Seth, though, was a tattooed, tarnished knight, always looking for somebody in distress.
He had a record—petty theft and other issues that had landed him in jail for a year—but he was trying to turn his life around, going to school, paying bills. He explained all of that upfront, while I sat there, confused and not quite following. Then he told me that my ex-husband had approached him.
The pieces clicked and fell together as he explained that my ex had tried to bribe him to watch me.
He lived in the house just across from mine and it would have been a perfect plan, except Seth wasn’t an asshole.
My heart had knocked against my ribs the entire time and I’d waited, terrified of what he was going to say, even though a part of me already knew. I’d already seen one of the neighbors who was either really into fruit, or just too fixated on me, because he showed up every time I was at the fruit stand to buy more mangos for the smoothies I’d gotten addicted to.
My ex-husband was having people watch me.
Seth had been willing to testify. We called the cops.

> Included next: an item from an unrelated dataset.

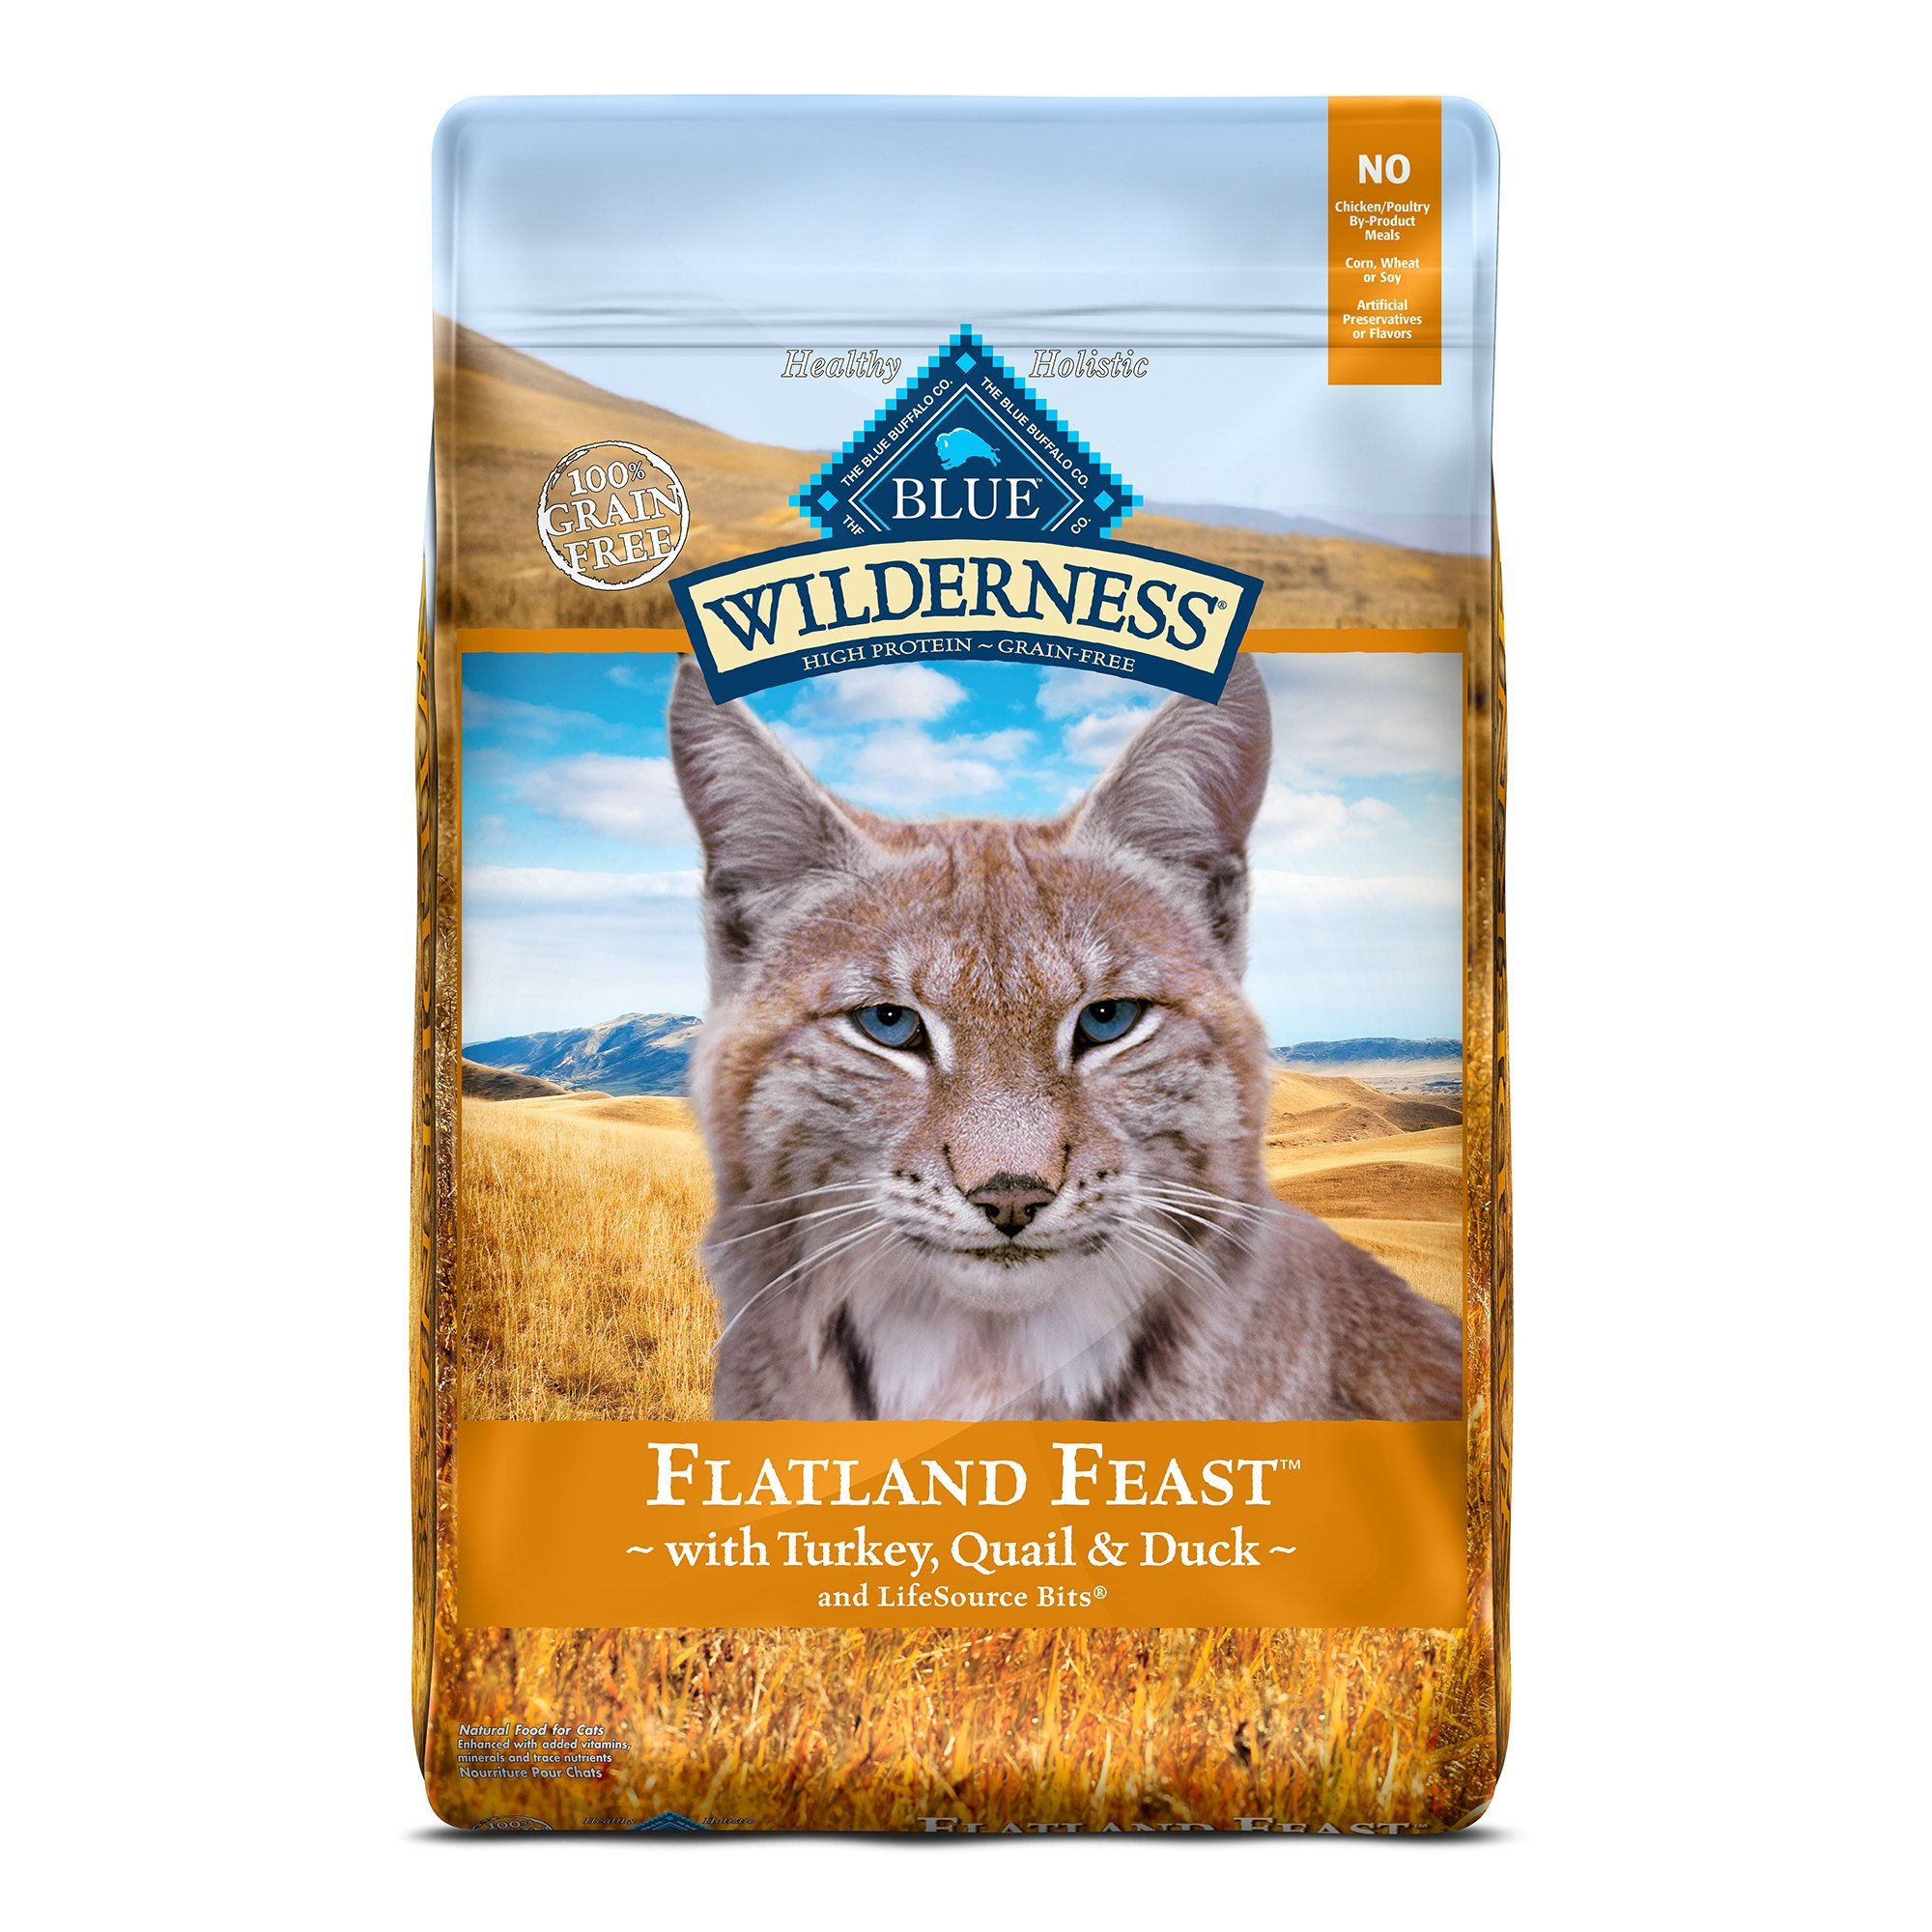 Blue Buffalo Blue Wilderness Regionals Flatland Feast Dry Cat Food 10 Lbs Petco In 2020 Dry Cat Food Cat Food Blue Buffalo

Cops came by to talk to Seth a few days later, then drove off.
When I asked him what happened, he refused to tell me.
But I knew it had something to do with my ex.
I’m surprised Seth’s still my friend.
Tony isn’t. They fought for weeks and less than three months after that, Tony moved out.
He met Marla a few months later and they’ve been together ever since. I think he’s seriously in love with her. He had grinned at me when I saw them together and told me, “I never did see the point in tying myself down on anything. I go both ways.”
It had made me laugh, even as I wished I could be more like that. I do nothing but tie myself down. To my fear, to the memories. To my husband’s controlling nature.